In a possibly controversial move, the City Council variation 11 has been recommended to proceed, by the independent commissioners. The Council itself will make a decision on whether or not to accept the commissioners decision on Wednesday. I’m picking that will be a simple rubber-stamp exercise, and that the Council will go ahead with this. But is this really the right thing to do – or a clever thing?

Her Worship, the Mayor Kerry Prendergast, is quoted as saying:

“Variation 11 aims to help transform the bleak and underutilised north Kumutoto section of the waterfront – between the Meridian building and Shed 21 opposite the Railway Station – into an area that’s busy, vibrant and attractive to the public. It aims to give certainty to the public about how the area should be developed. It’ll remove any doubts in some sections of the community that the City Council and Wellington Waterfront Ltd want to ‘privatise’ the waterfront,”

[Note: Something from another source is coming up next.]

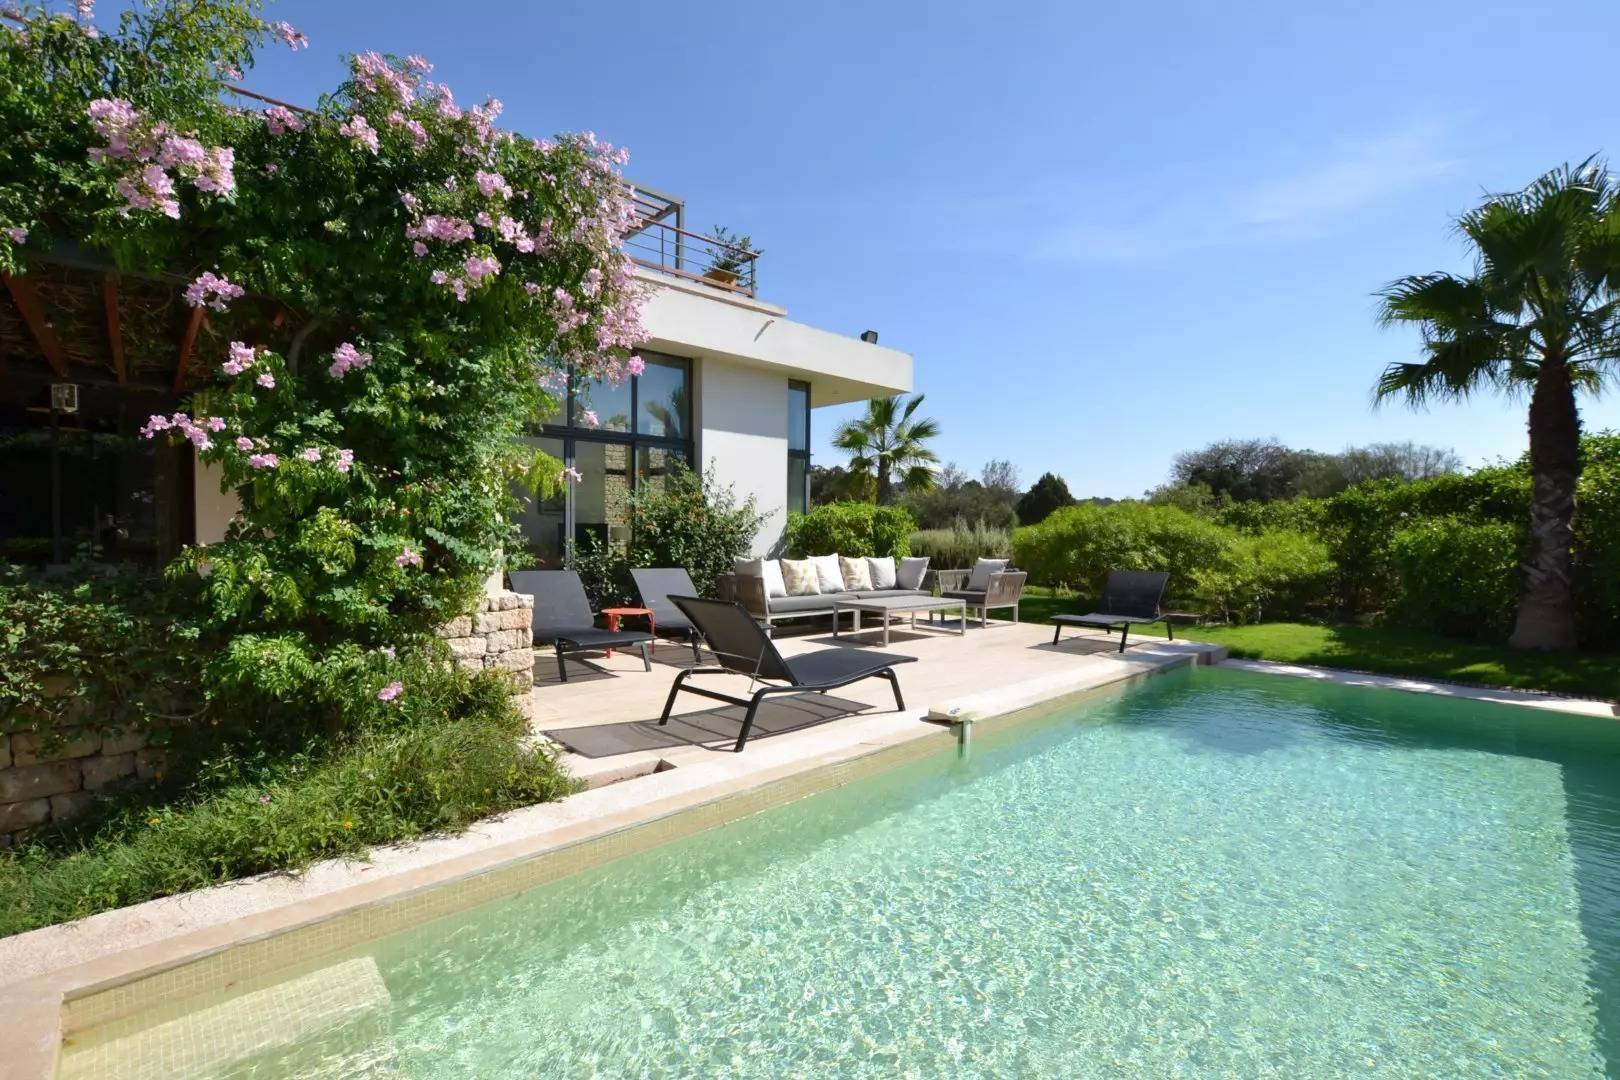 location villa piscine chauffée essaouira (3).jpg

Far be it for me to disagree with the head of the city, me being just a little fish, and Kerry being the big fish in the pond, but I hardly think it will have the effect of placating people about ‘privatising’ the waterfront.
Are you telling me that this building doesn’t effectively privatise the waterfront?:
bnz
Waterfront Watch and other old fogeys are already baying at the moon with lupine distaste at the possibilities of more buildings being created, so the actual confirmation of this should send them into wild paroxysms of rage, frothing at the mouth and letter-writing once more. One day that Pauline Swann / Lindsey Shelton (I can never tell them apart) is going to lie down in front of a bulldozer to prove her point that the waterfront should be a large acreage of grass: she still doesn’t get it, that Spaces need People, and People need Places. There is no point for an empty field on the water’s edge.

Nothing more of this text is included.